2. More Flexible API Design

This facility of variance allows the API designers more flexibility in designing libraries that handle complex type hierarchies. Also, it allows an API to work smoothly with both more specific and more general types.

• Fewer generic API overloads: When specifying variance, developers can ensure that their API works over a wider range of types without sacrificing type safety and thereby could potentially reduce overloads and improve the reusability of the code.
• Less type casting: variance removes explicit type casts in working with different levels of type hierarchies, thus making the code cleaner and easier to maintain.

3. Better Interoperability with Java

Kotlin’s variance system works well with that way of wildcard usage in Java (? extends and ? super) and therefore there is better interoperability when Kotlin code interacts with the Java libraries or legacy code.

• Seamless Interoperability: The out and in variance modifiers of Kotlin directly map to Java’s?extends and?super wild cards, thus making inter-operability between the two easier.
• Clear semantics: That the explicit use of variance makes it easier to reason about how Kotlin types interact with Java generics, thereby removing the possibility of assumptions that may lead to a wrongly concluded type error

4. Improved Reusability

Variance makes the generic types in Kotlin more reusable, so they would ensure to work across a wider set of types without the possibility of violating type safety. This is particularly useful when dealing with more complex data structures.

• Generic functions and classes: Using variance, generic functions and classes can be reused in a variety of contexts without having to define them for a certain subtype or supertype.
• Reusable Components: After they are defined, data structures like List or Function can then be used anywhere in a program, without knowing the concrete types that are going to be used.

5. Expressive Type Projections with Star Projections (*)

Star projections in Kotlin are helpful for making a declaration that some generic type can be used as any possible type parameter without needing to declare the actual type. This is helpful for making the code flexible and for dealing with unknown types.
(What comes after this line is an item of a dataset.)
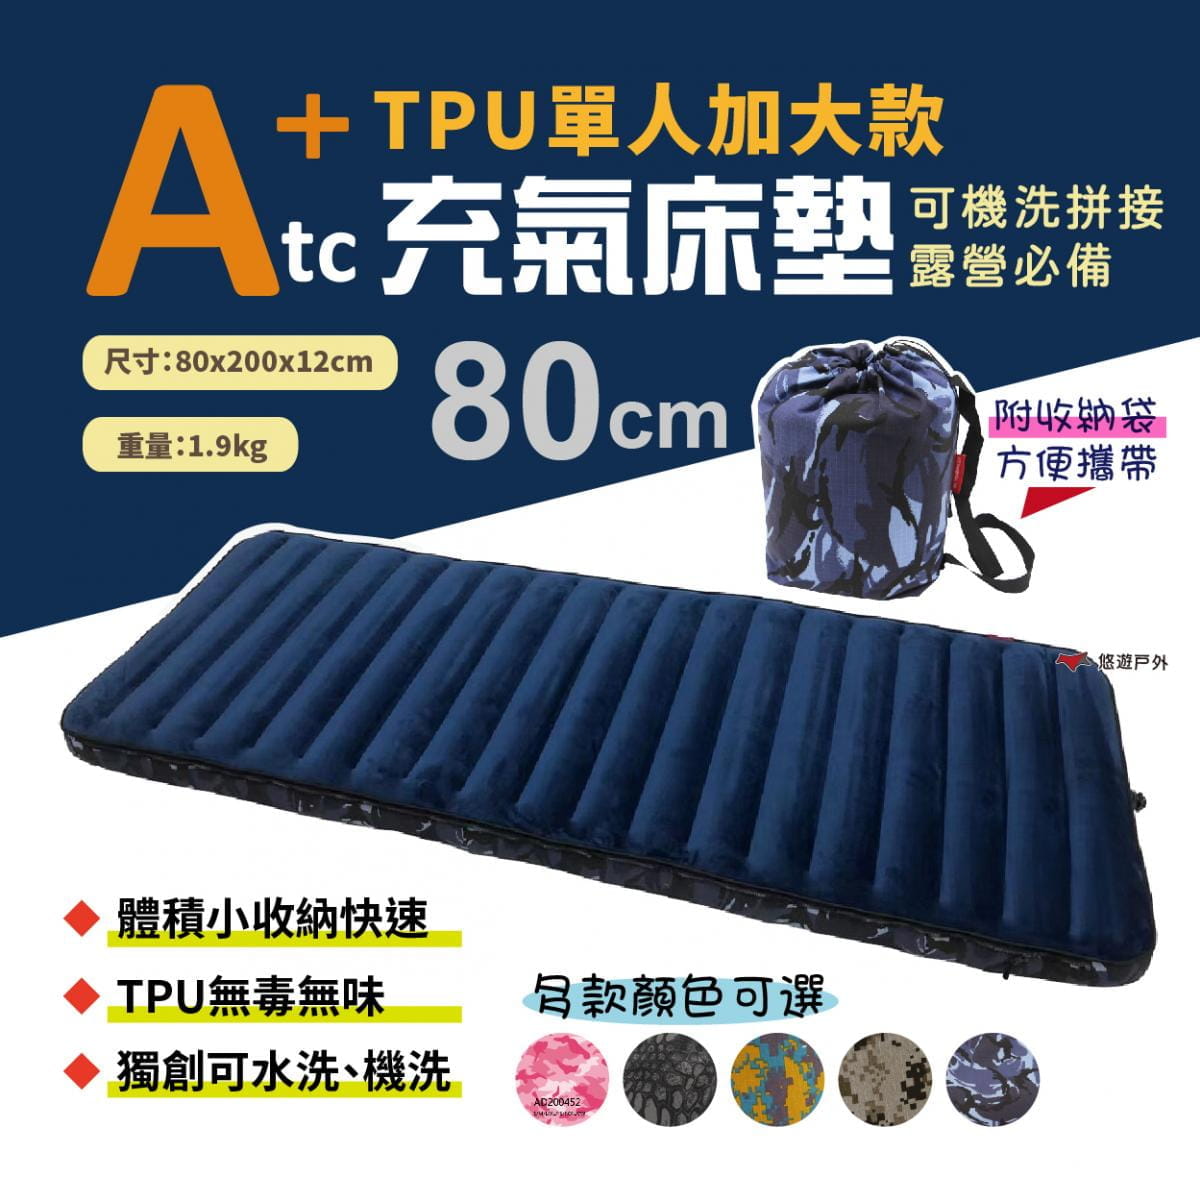 【ATC】TPU組合充氣床墊_80cm (悠遊戶外) 1

• Unknown Types: When you do not need to know the actual type parameter, you may use star projections to handle the generic types without explicitly specifying the type that saves boiler plate code most of the time.
• General-purpose APIs: Star projections enable the construction of APIs that will work with types whose parameters are not known or are not relevant to the operation being performed, which can make an API more versatile.

6. Safe Covariant Collections

The use of Kotlin’s out variance modifier enables collections to be safely covariant. So a List can be used wherever a List is expected provided the list is used only to read values.

• Type-safe collections: The out modifier assures collections or data structures, which have been allocated for read-only purposes, are used without errors in a type-safe manner; hence, less error-prone and more flexible code is produced.

7. Better design by Consumer/Producer roles

Kotlin’s use of the variance system sees to it that the producer-consumer pattern is followed. This can easily reason about types that should behave in different contexts.

• Producer roles: Producer Roles Covariant types with out are ideal usage when an object is a producer of values such as function or collection whose data you retrieve.
• Consumer roles: Consumer Roles Contravariant types with in are ideal usage when an object is a consumer of values such as with callbacks or functions that accept other forms of data.

8. More Readable Code

Consequently, a type’s variance is declared explicitly in Kotlin that renders the above code much easier to read and understand. A person can easily determine whether some type is used together with a variable that has a contravariant or covariant position potentially leading to more maintainable codebases.

• Explicit type intent: it uses in and out to clearly state which role a type parameter plays, so it’s much easier to reason about how the code works and what kind of types can be passed to or returned from functions.

9. Efficient Memory Usage

Using variance, you can limit which operations-inputs or outputs-are allowed on a type. This can help avoid misuse of objects and reduce object manipulation.

• Improved Type Handling: With variance, you will constrain how types can be used. This can prevent accidental copying or misuse of objects in ways that lead to inefficiencies in memory.

Disadvantages of Variance In, Out, and Star Projections in Kotlin Language

Even though variance modifiers in, out of Kotlin offer many benefits to type safety and flexibility, they are certainly not free from some limitations and disadvantages; developers must be aware of these. Here is the main disadvantage of variance and star projections in Kotlin.

1. Increased Complexity in Type Definitions

The introduction of variance modifiers can add complexity to type definitions, making them harder to read and understand for developers who are not familiar with the concepts of covariance and contravariance.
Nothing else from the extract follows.